• _Action item_
The whole listing below must be printed again exactly, images excluded.

• _Exercise data_
..............................
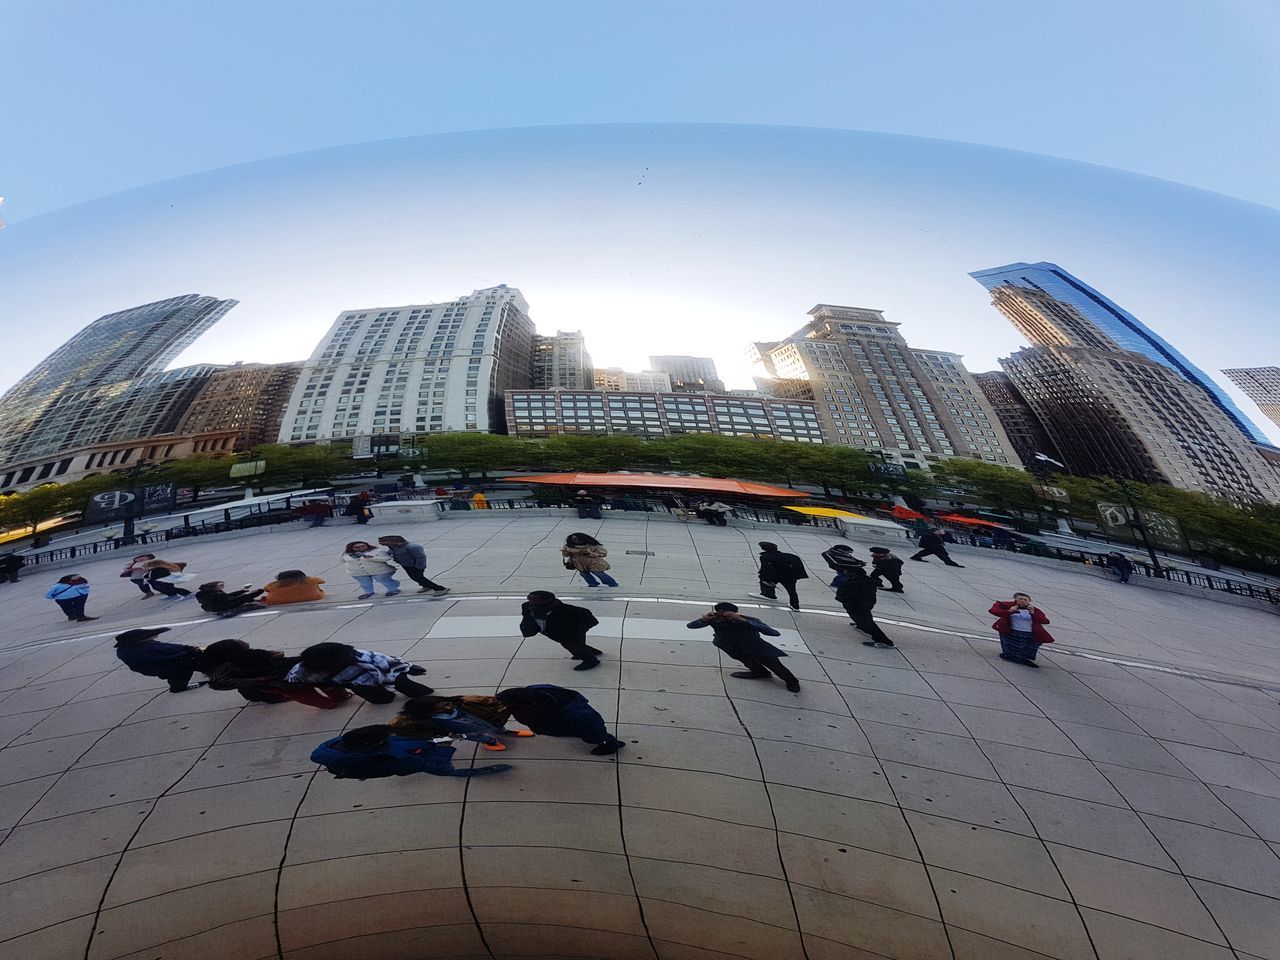 architecture, built structure, large group of people, real people, leisure activity, building exterior, lifestyles, city life, skyscraper, men, city, modern, travel destinations, day, indoors, women, fish-eye lens, ice rink, sky, people
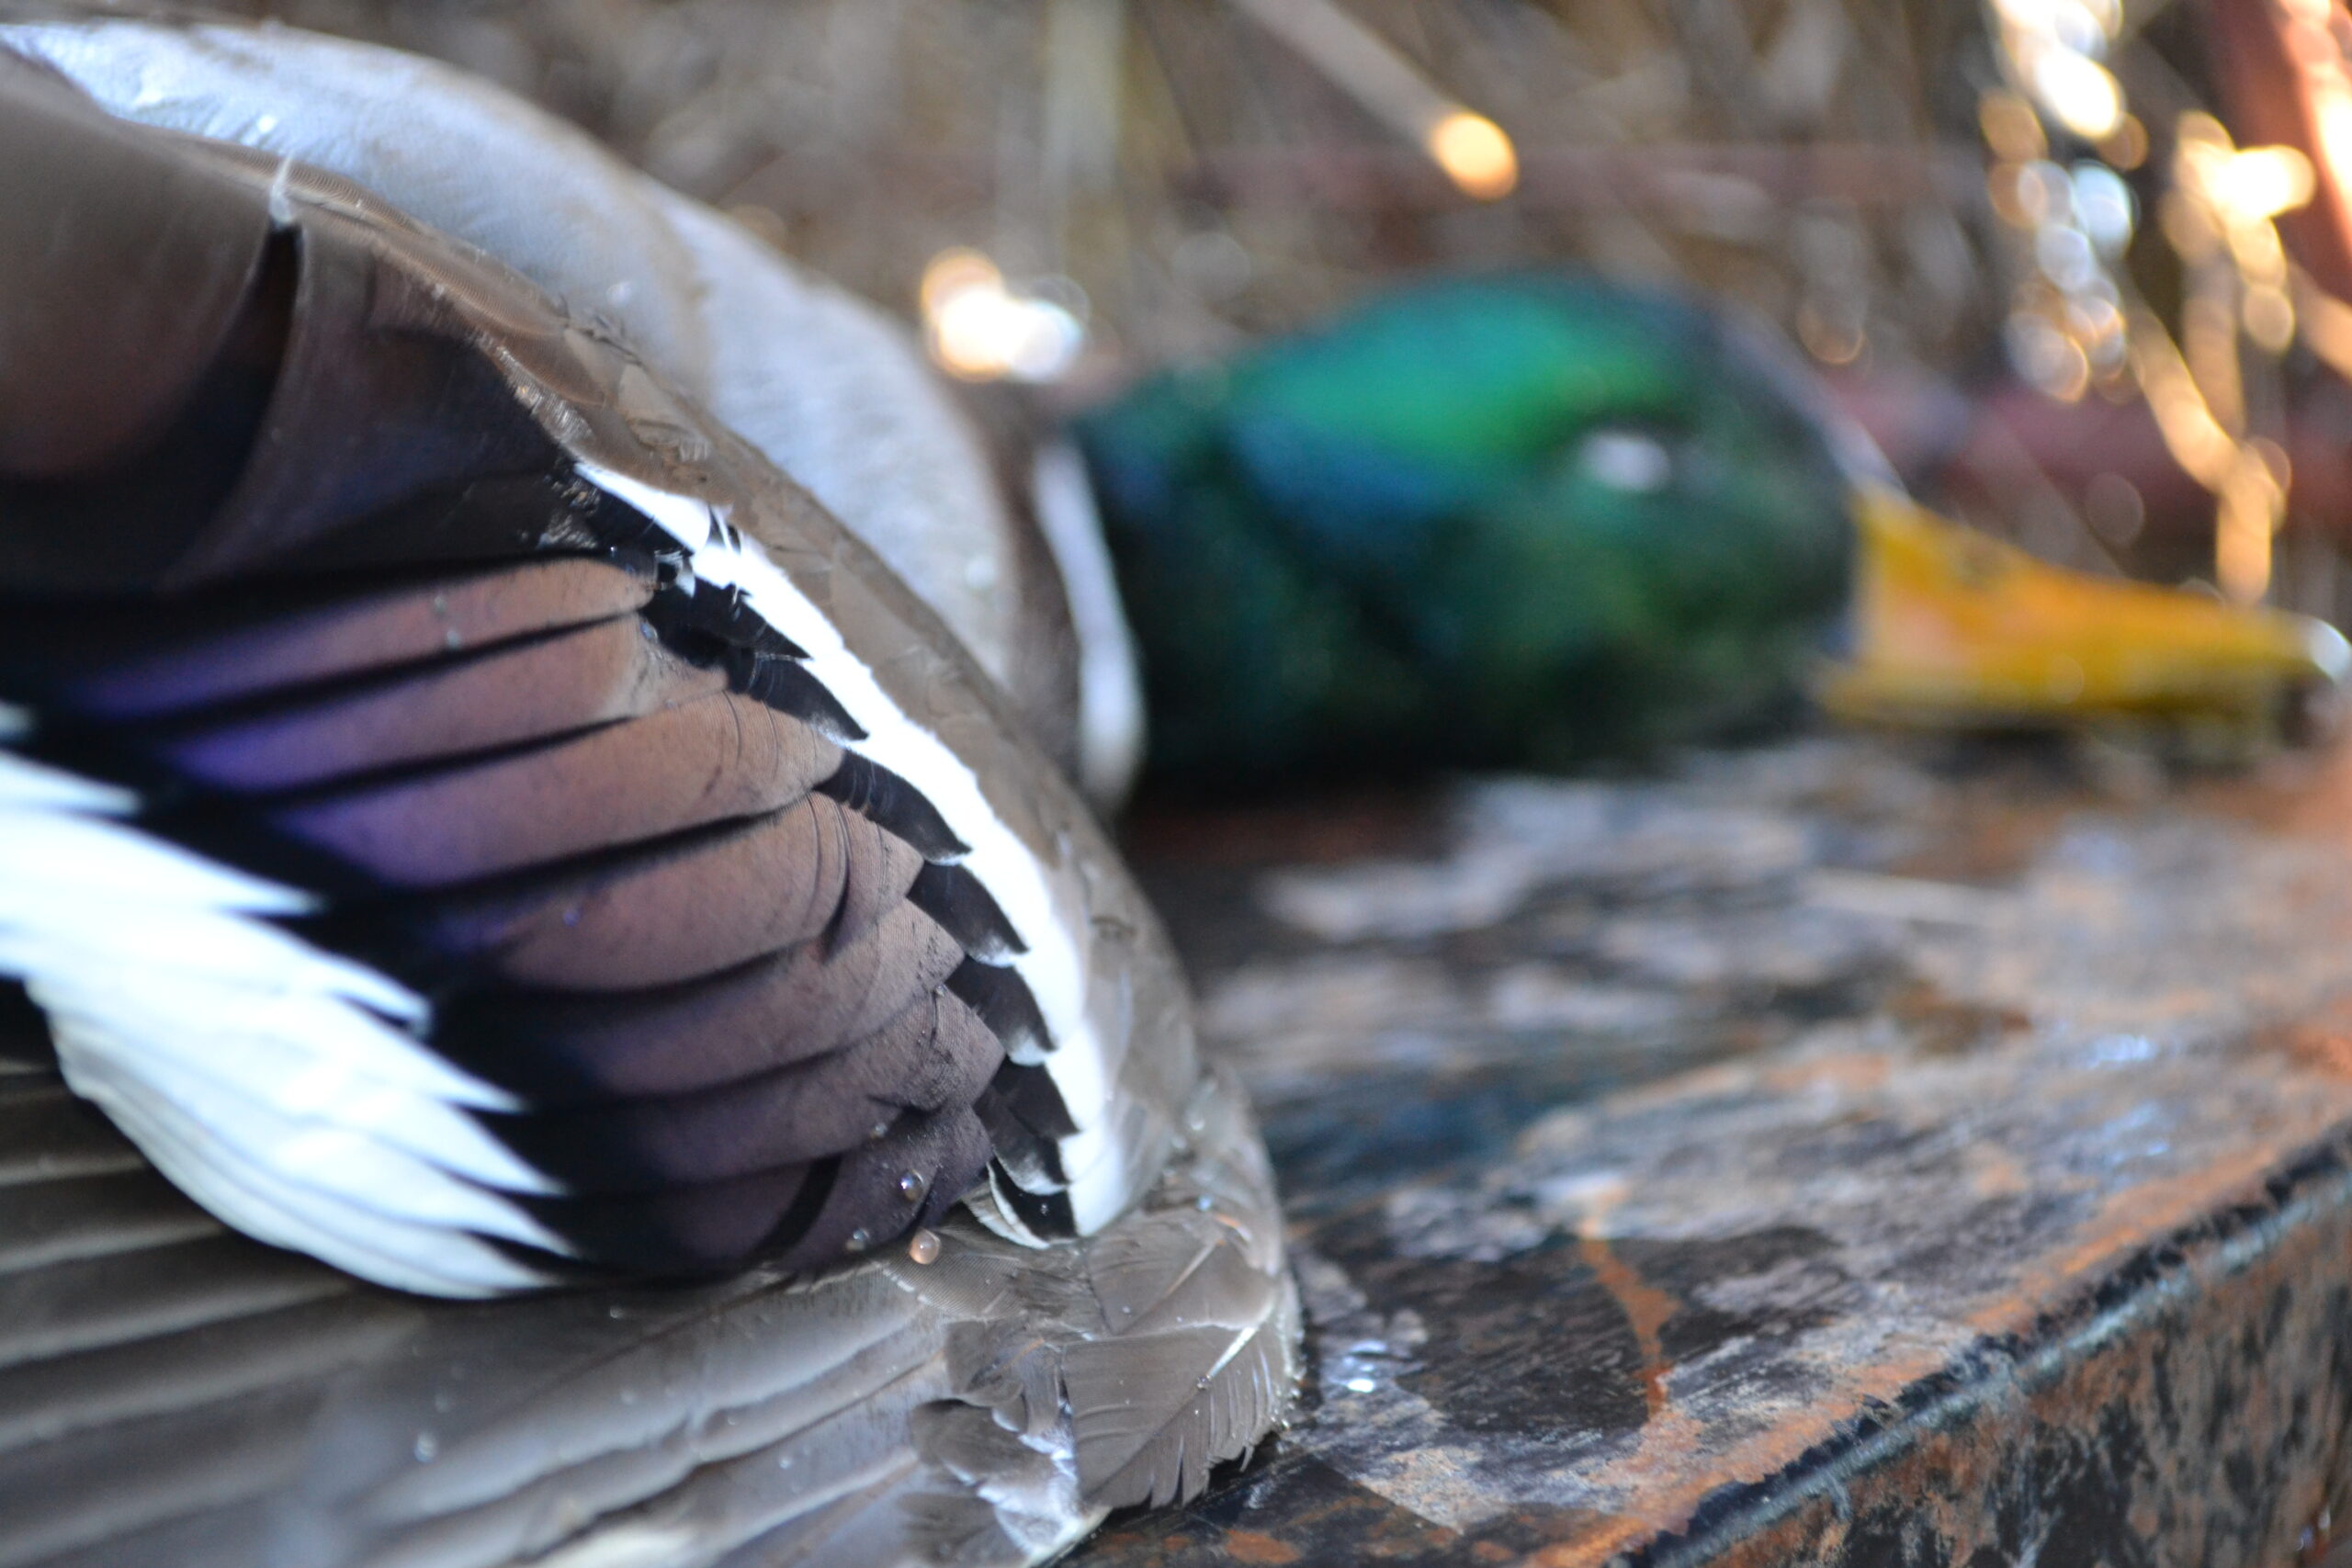 Not all eastern greenheads are actually mallards.
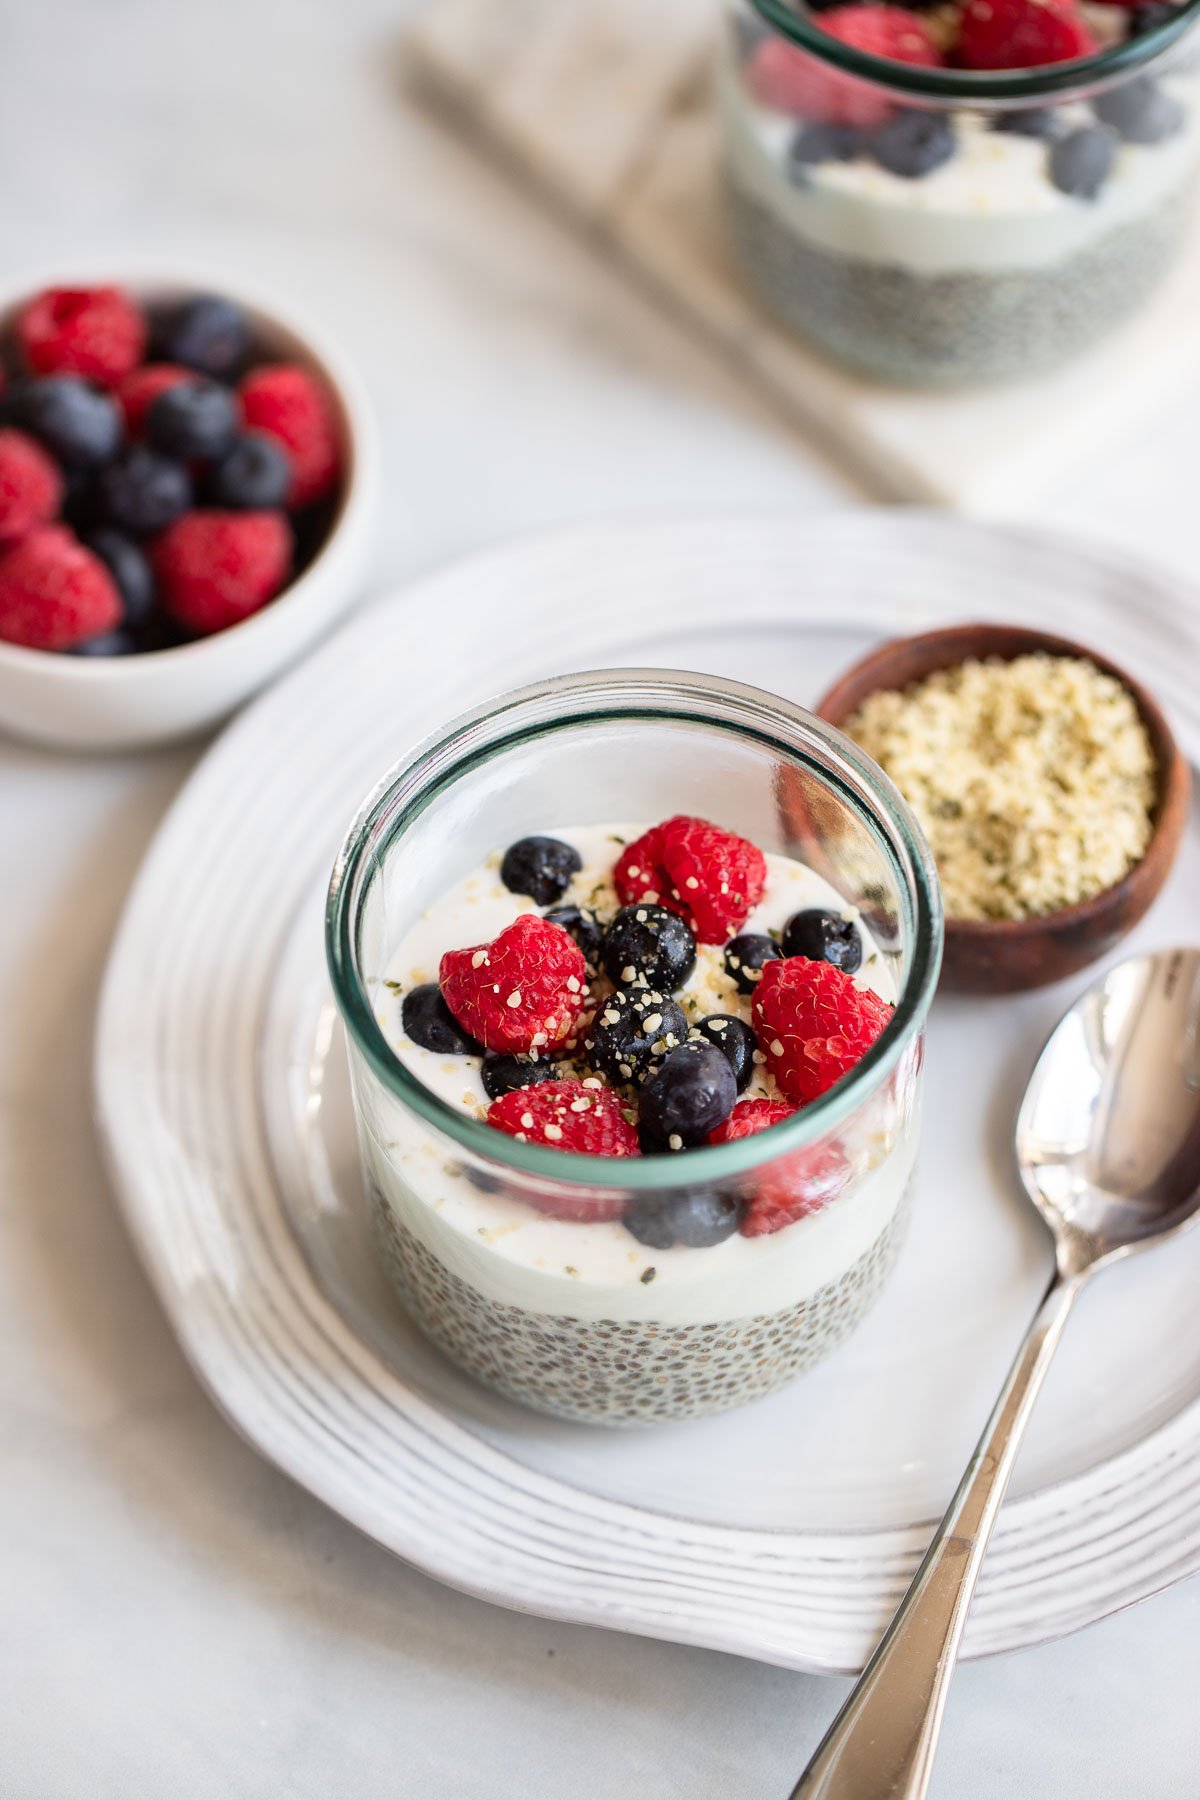 https://dietitiandebbie.com/wp-content/uploads/2023/05/Overnight-Chia-Seed-Pudding.jpg
..............................
• _Result for this exercise_
 architecture, built structure, large group of people, real people, leisure activity, building exterior, lifestyles, city life, skyscraper, men, city, modern, travel destinations, day, indoors, women, fish-eye lens, ice rink, sky, people
 Not all eastern greenheads are actually mallards.
 https://dietitiandebbie.com/wp-content/uploads/2023/05/Overnight-Chia-Seed-Pudding.jpg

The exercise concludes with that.